On 14 October 1862 the Midland Board instructed its engineers to draw up plans for Parliamentary approval, showing a new fifty-one mile long line leaving the Leicester and Hitchin branch at Bedford and terminating at Euston Road, where the Metropolitan Railway was providing the world’s first underground railway under the road. The Midland was fortunate in retaining William Henry Barlow (1812-1902) as its consulting engineer. An Act of Parliament authorising the Midland’s southern extension, based on Barlow’s plans, was passed on 22 June 1863. However, various obstructions confronted Barlow as he planned the last mile of the Midland tracks before they could reach Euston Road.

The first of these obstructions was the North London Railway, which Barlow decided to burrow under and provide a steep incline to connect it to his new tracks. He then decided to pass over the Regent’s Canal and thus avoid the Great Northern’s mistake of tunnelling under it and creating a steep down-hill slope for trains emerging from the terminus. He was then faced with the choice of taking his tracks through a portion of the giant Imperial gas works or shaving-off part of the disused burial ground to the east of St Pancras Church. Unfortunately, as it transpired, he thought that the old graveyard would be the cheaper option, particularly as the tracks were already at a higher level. He then brought them over Pancras Road and into the terminal which, of necessity, would be at a high-level with steps and ramps connecting it to Euston Road, fifteen feet below. This was a masterly decision as its elevated siting would give the Midland’s terminus a powerful presence over little King’s Cross next door and Barlow was quick to point out, no doubt forestalling any argument over the increased costs arising from this massive basement, that it could be let out for storage to the lucrative beer trade.

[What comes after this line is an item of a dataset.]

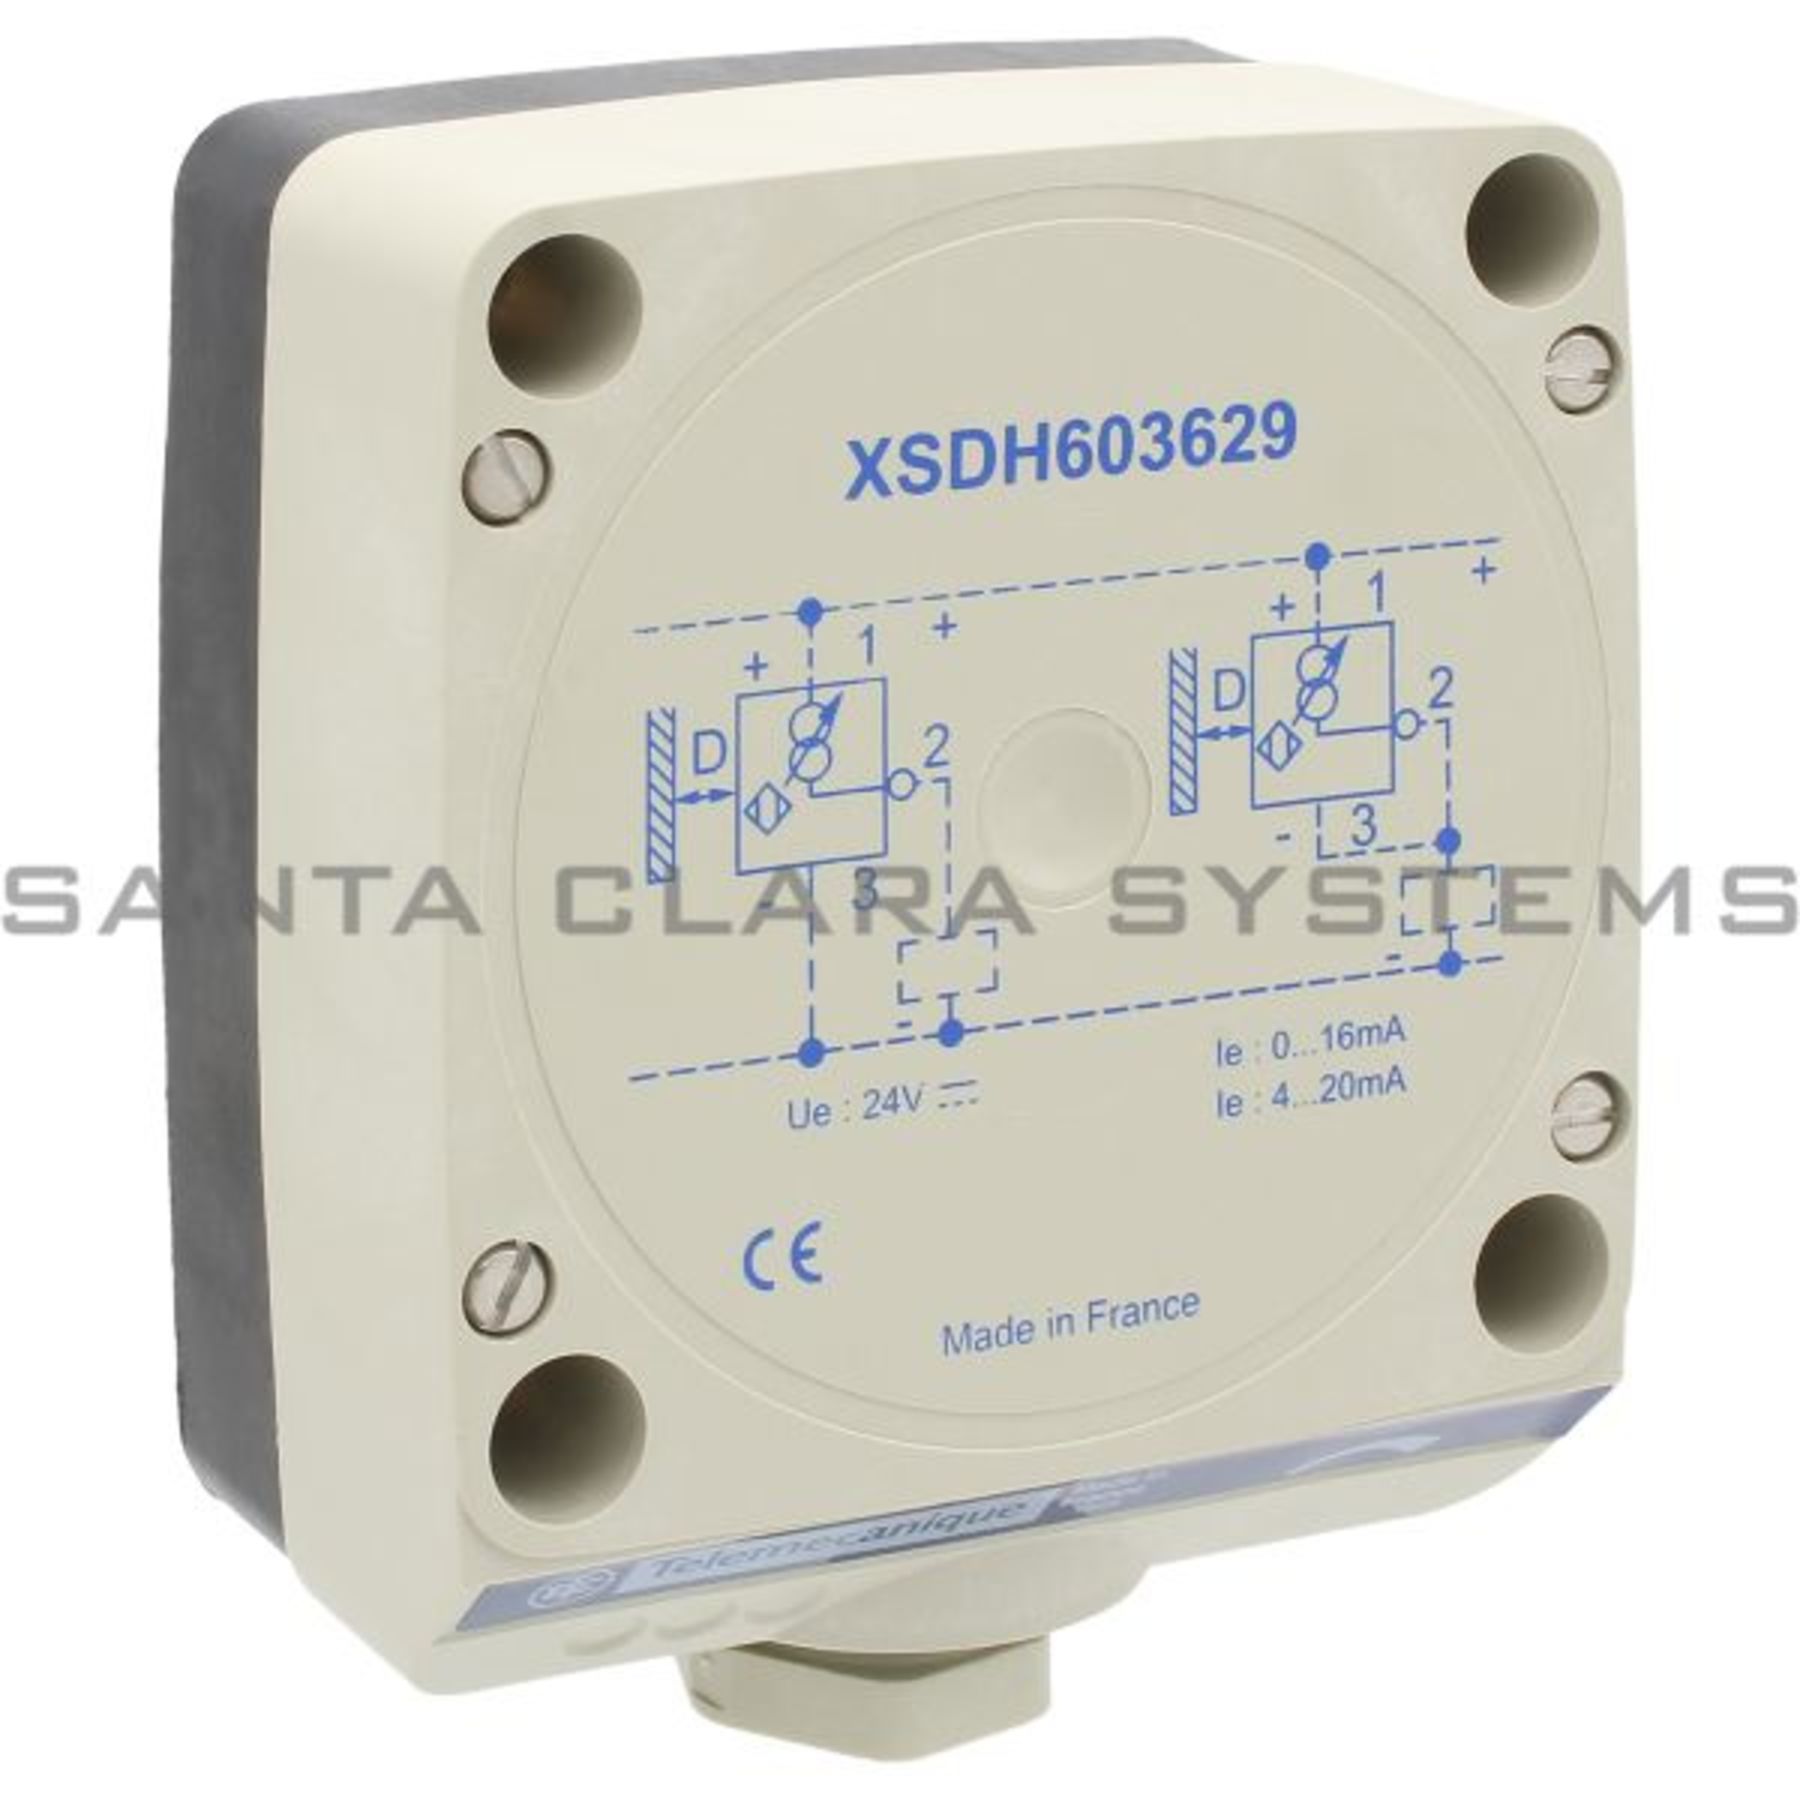 XSDH603629 Telemecanique Inductive Sensor - Santa Clara Systems

In March 1864 the Midland Board set up a special committee to deal with the extension from Bedford. This became known as the Southern Extension Committee, with Lewis among its members, and dealt with all matters concerning the construction of St Pancras. Barlow’s plans for the station itself were accepted by the Committee at a series of meetings held in the spring of 1865. His proposal was quite radical and it is not surprising that it took some time for the Committee to assimilate his ideas, but they were a superb solution to the difficult engineering problems that the site had generated. He proposed to construct a huge iron roof spanning 243 feet over the whole station. Nothing like this had ever been attempted before in the world. St Pancras Station was undoubtedly Barlow’s finest structure. The big span removed the possibility that foundations to intermediate columns would interfere with a tunnel running under the station which the directors had insisted should connect to the Metropolitan Railway. It also allowed the tracks and platforms to be altered to suit operational requirements and with the tie beams for the roof running under the tracks, the small columns supporting the platforms could be arranged to suit the storage of beer barrels. The roof was not semi-circular like those at King’s Cross, but in the shape of a Gothic arch, which Barlow said would give it protection against the lateral action of wind, but it would also improve ‘the architectural effect’.

From the outset the Midland had intended to keep up with its rivals by providing a hotel at St Pancras and during the meetings over his design for the station, Barlow accepted the idea that this would be the work of an architect. On 3 May 1865, the Southern Extension Committee decided to embark on the architectural competition. The Midland was large, wealthy, and well-established. Its directors bitterly resented the efforts of the upstart Great Northern to frustrate their belated scheme to bring their railway to London. Clearly they wanted a spectacular architectural statement to announce the Company’s arrival in the capital and to overshadow the prosaic terminus of it’s arch-rival. Paxton’s enthusiasm for Scott’s Gothic Foreign Office perhaps influenced the thinking of the Board and, in spite of going through the motions of holding a competition, it intended to give the work to Sir George Gilbert Scott. Certainly, as the country’s leading architect, Scott’s name would give the company a special distinction. Scott recalled that, ‘I was persuaded (after more than once declining) by my excellent friend Mr. Joseph Lewis a leading Director of that Company, to enter into a limited competition for their new terminus’.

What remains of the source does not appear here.